MEMORANDUM OPINION AND ORDER

LEON, District Judge.

Plaintiffs McKesson HBOC, Inc., Foremost Tehran, Inc., Foremost Iran, Corp., and Foremost Shir, Inc., (collectively, “McKesson”) move for a protective order prohibiting, in effect, the defendant from (1) inquiring into certain of the enumerated topics set forth in its 30(b)(6) deposition notice, and (2) conducting the depositions in Iran of seven individuals who live in Tehran, Iran. For the following reasons, the Court GRANTS the plaintiffs’ motions.

FACTUAL BACKGROUND

This ease, originally filed in January 1982, involves the alleged expropriation of plaintiffs’ assets by the Islamic Republic of Iran. Plaintiffs own a minority interest in an Iranian dairy, and they allege, inter alia, that following the 1979 Islamic Revolution, the dairy ceased to pay dividends to the plaintiffs. Following a bench trial in this Court, Iran was ordered to pay over $20 million in compensation for expropriated equity and withheld dividends. On appeal, the D.C. Circuit remanded the case for trial on two issues: (1) the “come to the company” requirement, ie., whether the dairy’s board of directors exercised discretion to require shareholders to physically appear to receive dividends; and (2) whether it would have been “futile” for McKesson to comply with this requirement (the “futility” defense). McKesson HBOC, Inc. v. Islamic Republic of Iran, 271 F.3d 1101, 1107 (D.C.Cir.2001), vacated in part by 320 F.3d 280 (D.C.Cir. 2003).

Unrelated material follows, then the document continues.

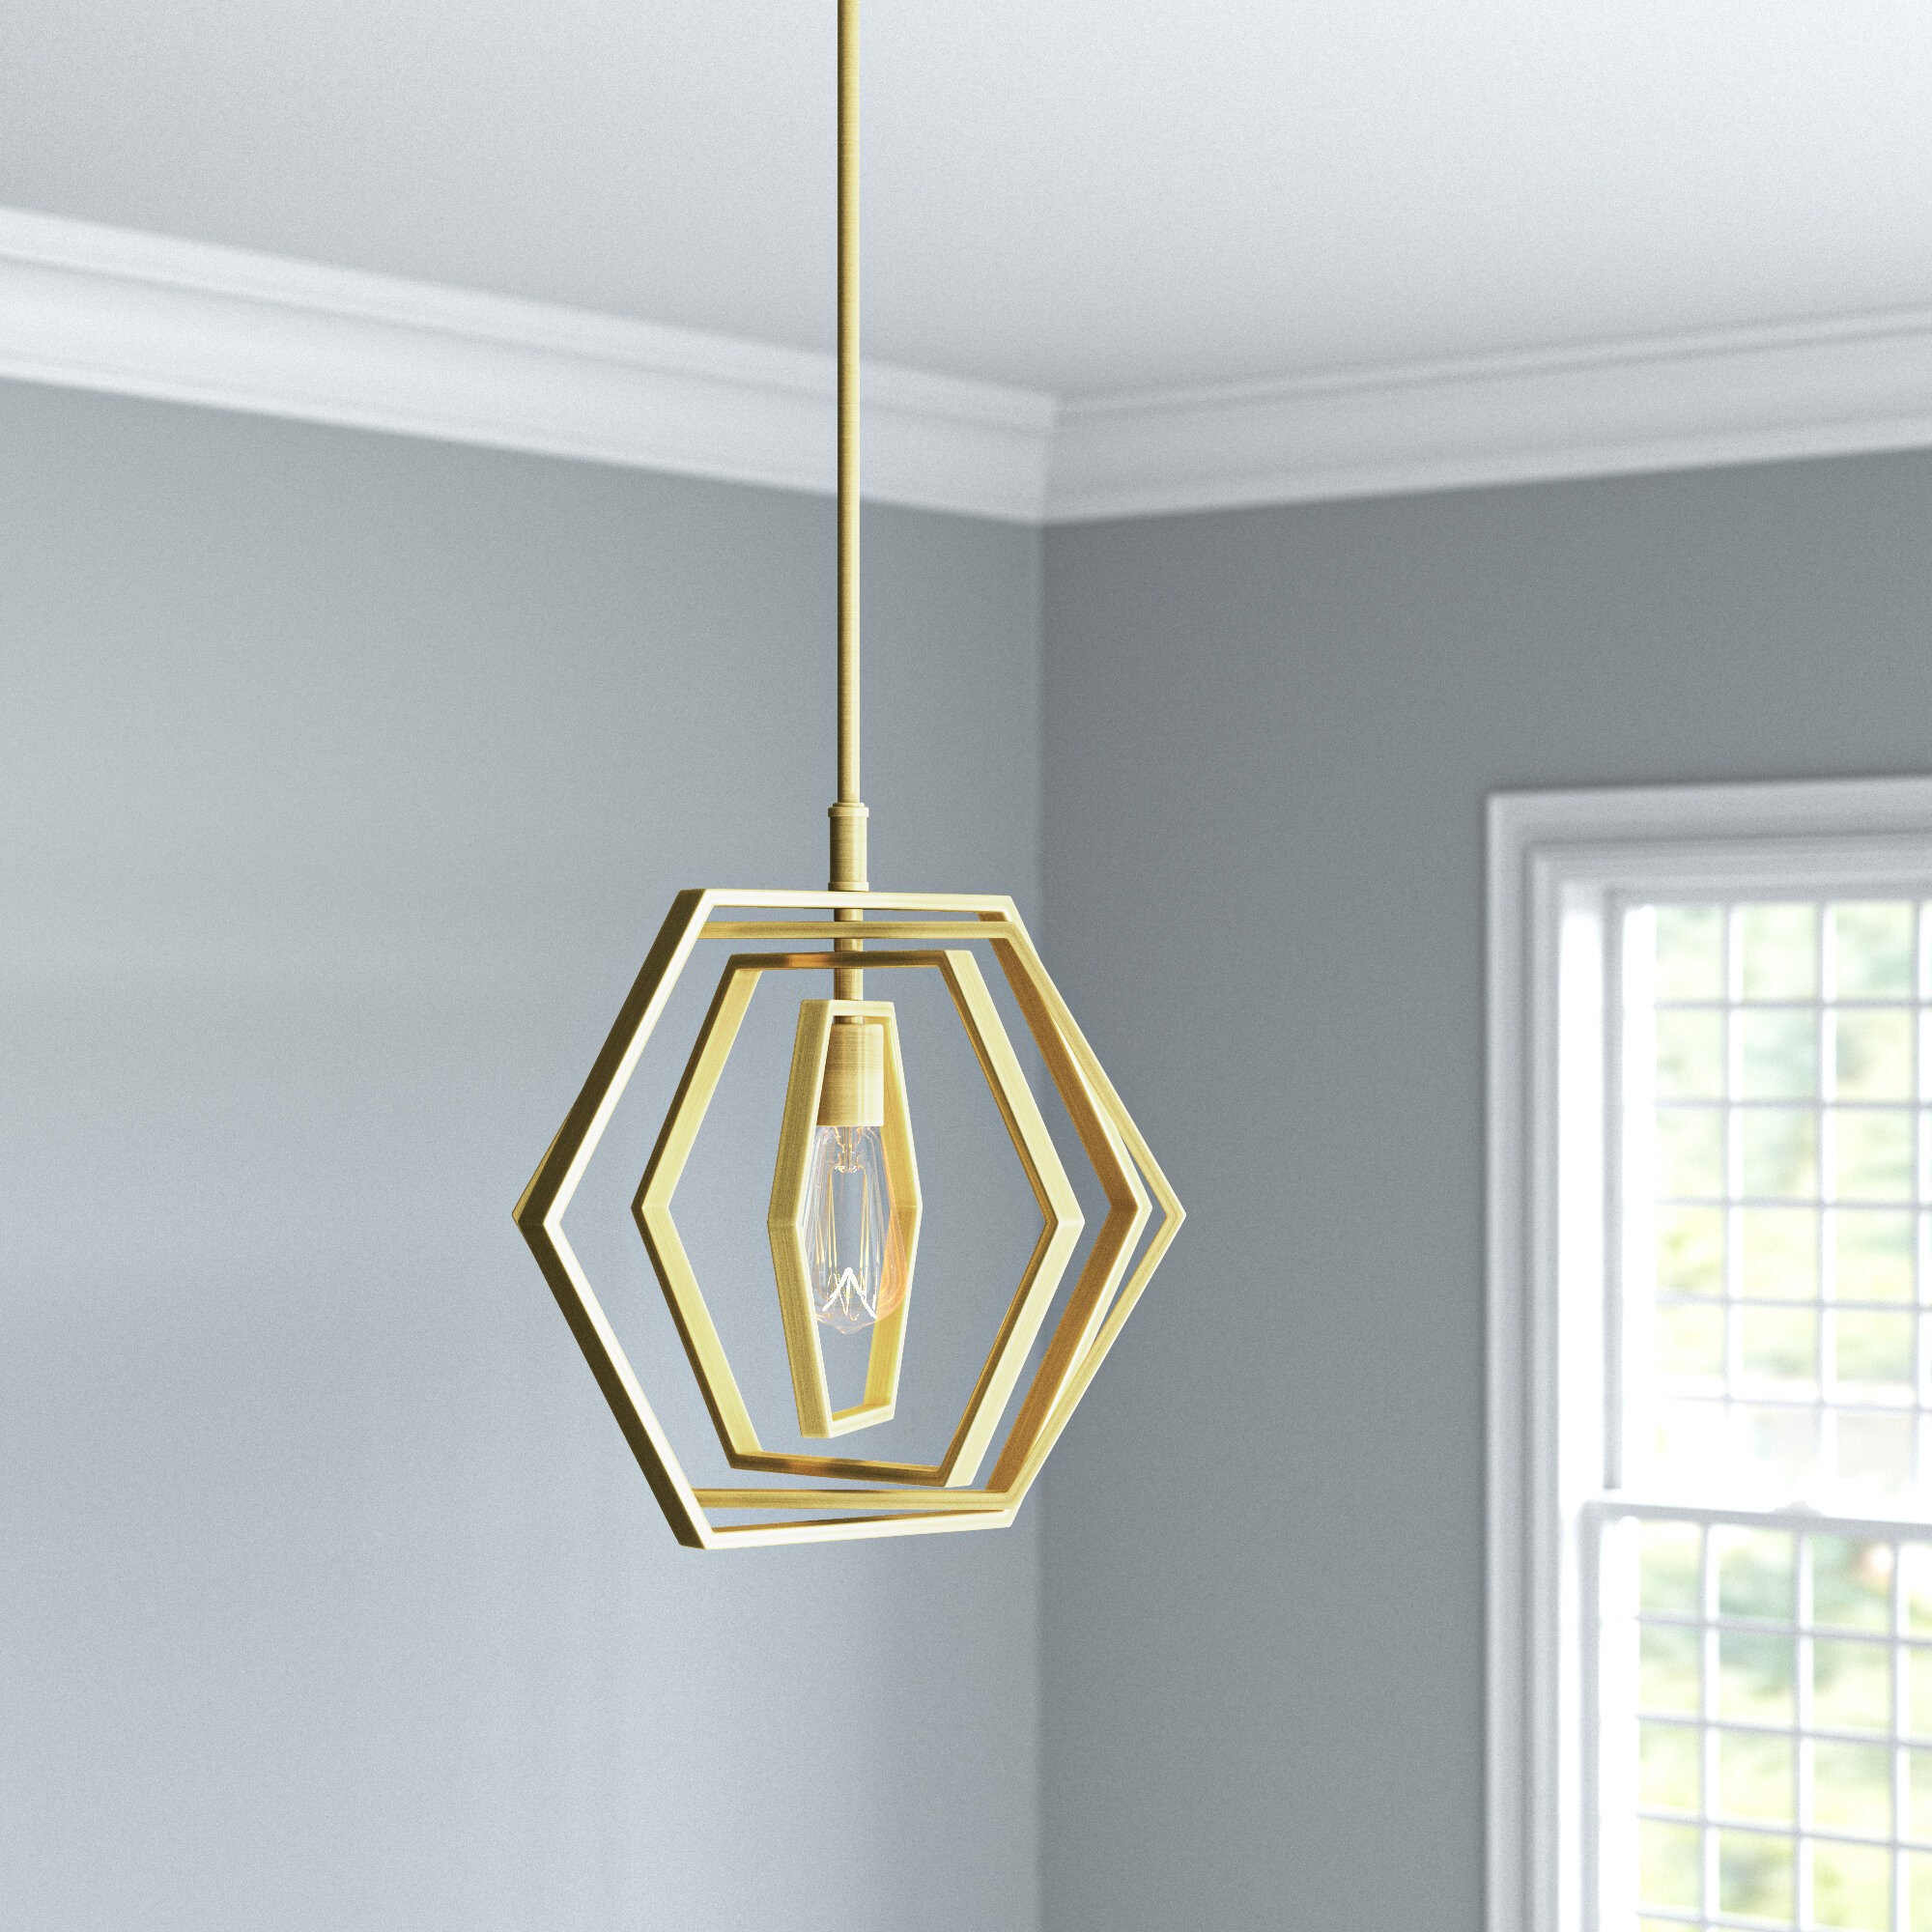 Mercer41 Vandemark 1 Light Single Geometric Pendant Reviews Wayfair

McKesson contends that it is entitled to a protective order because Iran’s 30(b)(6) topics exceed the scope of this Court’s June 16, 2003 discovery order, limiting the scope of discovery to the two issues before this Court on remand. In addition, McKesson argues that a protective order is needed to prevent Iran from holding seven noticed depositions *57in Tehran, Iran, which would unduly burden the plaintiffs.

DISCUSSION AND ORDER

Federal Rule of Civil Procedure 26(c) provides that a court may, for good cause and to protect a party from undue burden and expense, issue a protective order that “certain matters not be inquired into, or that the scope of the disclosure or discovery be limited to certain matters.” Fed.R.Civ.P. 26(c)(4). In addition, the court may issue an order “that the disclosure or discovery may be had only on specified terms and conditions, including a designation of time or place...” Fed.R.Civ.P. 26(c)(2). While it is the movant’s burden to articulate specific facts showing “clearly defined and serious injury” resulting from the discovery sought, Avirgan v. Hull, 118 F.R.D. 252, 254 (D.D.C. 1987), Rule 26(c) gives the court broad discretion to limit discovery in a particular case. See United States v. Microsoft, 165 F.3d 952, 959 (D.C.Cir.1999); Tavoulareas v. Piro, 93 F.R.D. 24, 30 n. 4 (D.D.C.1981).

In light of the Court’s order on June 16, 2003 and after a careful review of the defendant’s 30(b)(6) notice and the pleadings in support thereof, the Court finds that Iran’s 30(b)(6) notice sets forth a myriad of topics outside the scope of the limited focus set forth in the Court’s discovery order. Furthermore, the Court concludes that conducting depositions in Iran of the seven witnesses noticed to date would result in undue personal risk, expense, and burden to the plaintiff. Accordingly, pursuant to the Court’s authority under Rule 26(c) of the Federal Rules of Civil Procedure it is hereby:

ORDERED, that the testimony of Plaintiffs 30(b)(6) designee (Leonard Patterson) shall be limited to the following enumerated topics in the defendant’s 30(b)(6) notice: topics 3, 4, 7, 8, 9, 10,15, 20, 21, 33, and 34; and it is further

ORDERED that all future depositions, including the depositions of Mehdi Alimadadi, Mohammad Hejazi Motlagh, Yadollah Sohrabi, Alireza Dadyar, Ebrahim Ghorbani Farid, Hassan Tahmasebi, and S. Ahma Mortazavi, shall be taken either in the United States or in a mutually agreed upon country that is a member of The European Union; and it is further

ORDERED that the parties shall submit to the Court within two weeks of this order a list of at least three countries that are members of The European Union that the parties mutually agree may be an appropriate location for the conducting of future depositions.